In Progress Metrics

These are metrics that are consistered under development (and likely need more eyes) to get fully working.

Network

network-chatterbug

Chatterbug provides a suite of communication proxy applications for HPC. We use a launcher/worker design.

Name Description Type Default
mpirun The options to give to mpirun (includes tasks) string -N 8
command The chatterbug command (subdirectory) to run, see options below string stencil3d
args Arguments for the command string 1 2 2 10 10 10 4 1
sole-tenancy Require sole tenancy string ("true" or "false") "true"

By default, we require sole-tenancy, but you can disable this.
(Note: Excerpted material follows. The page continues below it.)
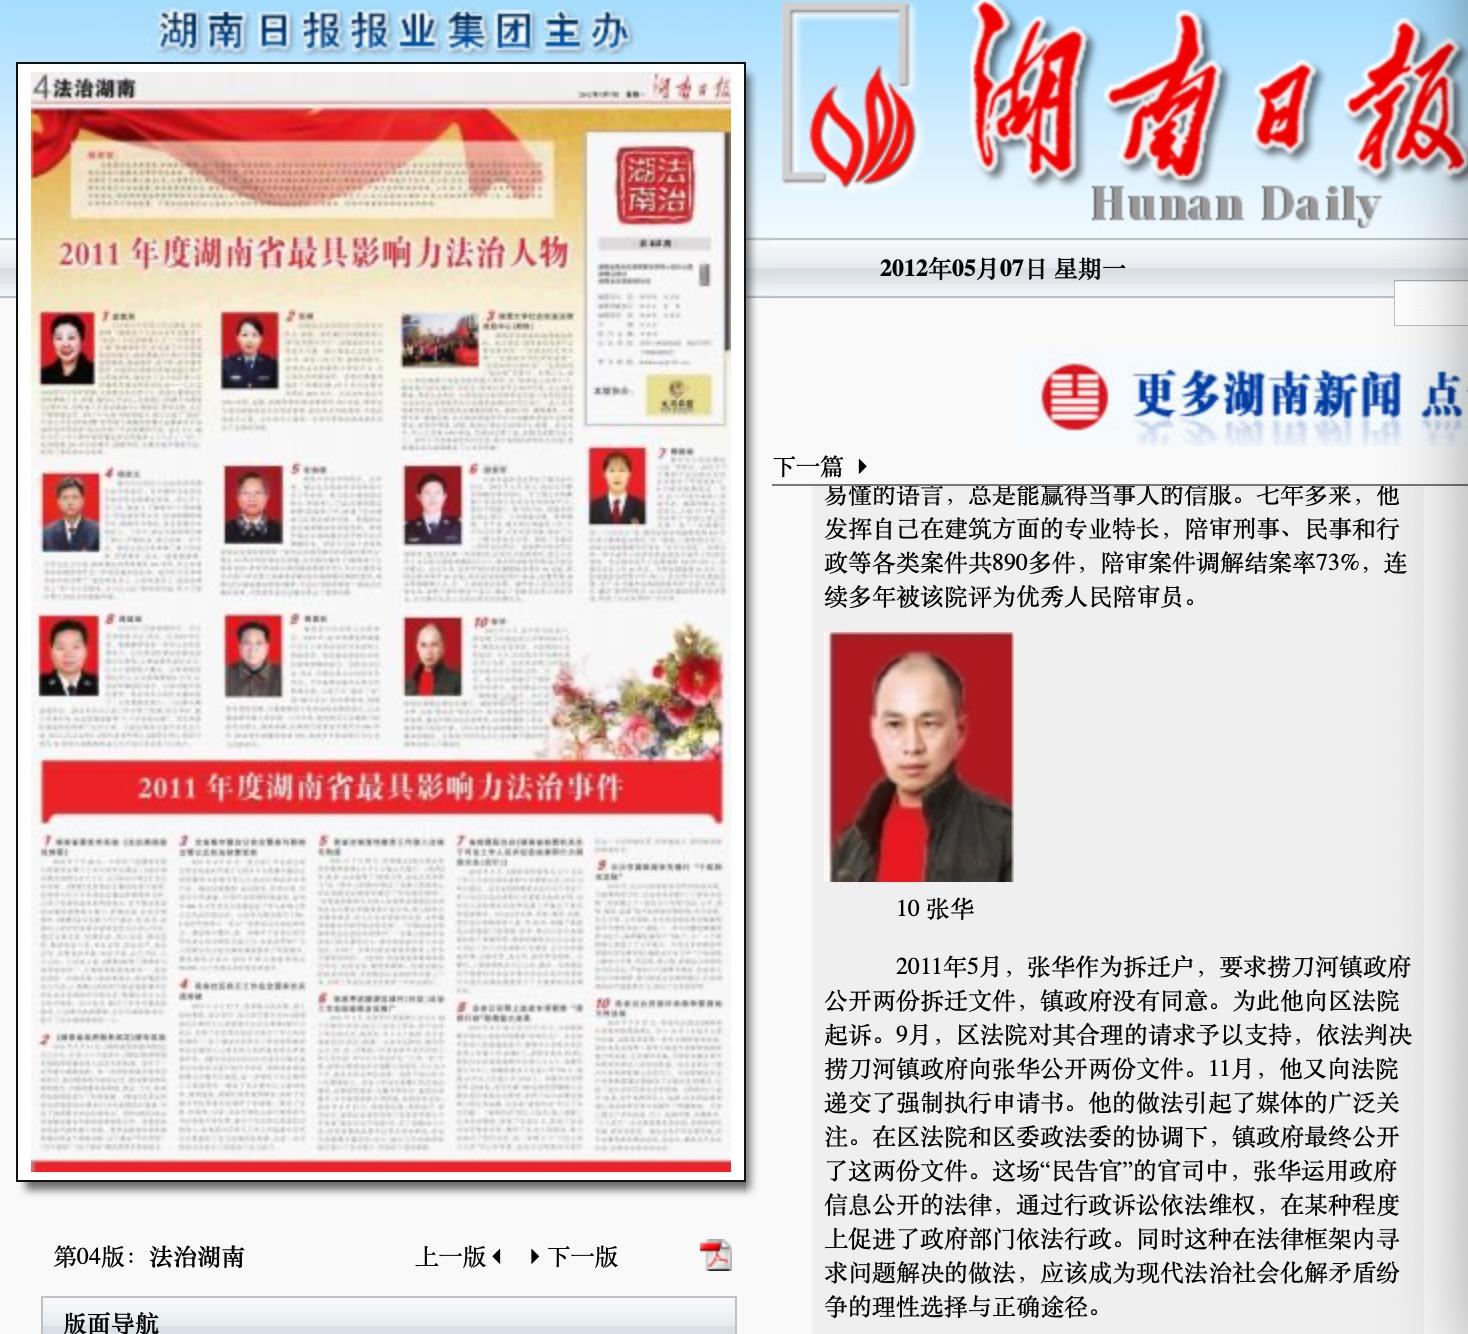 张华当选2010年度湖南法治人物。来源:湖南日报电子版

Note that the best place to look for “documentation” on the commands seems to be the source code. The following command options are available for command:

  • pairs

  • ping-ping

  • spread

  • stencil3d

  • stencil4d

  • subcom2d-coll

  • subcom2d-a2a

  • unstr-mesh

We have tested mostly stencil3d. Note that the mpirun command is parsed as follows:

$ mpirun --hostfile ./hostfile.txt --allow-run-as-root -N 4 /root/chatterbug/${command}/${executable} ${args}

Thus for the defaults, you’d get this command (on one pod):

$ mpirun --hostfile ./hostfile.txt --allow-run-as-root -N 4 /root/chatterbug/stencil3d/stencil3d.x 1 2 2 10 10 10 4 1

See the example linked in the header for a metrics.yaml example.

Standalone

app-hpl

The Linpack benchmark is used for the Top500, and generally is solving a dense system of linear equations. Arguments to customize include the following:

Name Description Type Default
mpiargs Arguments to give to mpi string empty string
tasks Number of tasks per node int32 detected used nproc
ratio target memory occupation string (but as a float, e.g., "0.3") "0.3"
memory memory in GiB int32 detected from proc
blocksize blocksize is the NBs "number blocks" value int32
pfact int32
nbmin int32
ndiv int32
row_or_colmajor_pmapping PMAP process mapping (0=Row-,1=Column-major) int32 0
rfact (0=left, 1=Crout, 2=Right) int32 0
bcast (0=1rg,1=1rM,2=2rg,3=2rM,4=Lng,5=LnM) int32 0
depth number of lookahead depth int32 0
swap (0=bin-exch,1=long,2=mix) int32 0
swappingThreshold int32 64
l1transposed (0=transposed,1=no-transposed) int32 0
utransposed (0=transposed,1=no-transposed) int32 0
memAlignment memory alignment in double (> 0) (4,8,16) int32

For the meaning of each of these, see this documentation and how they are used in hpl.go I made an effort to define them above, but you should consult the documentation above, because I don’t fully understand these yet.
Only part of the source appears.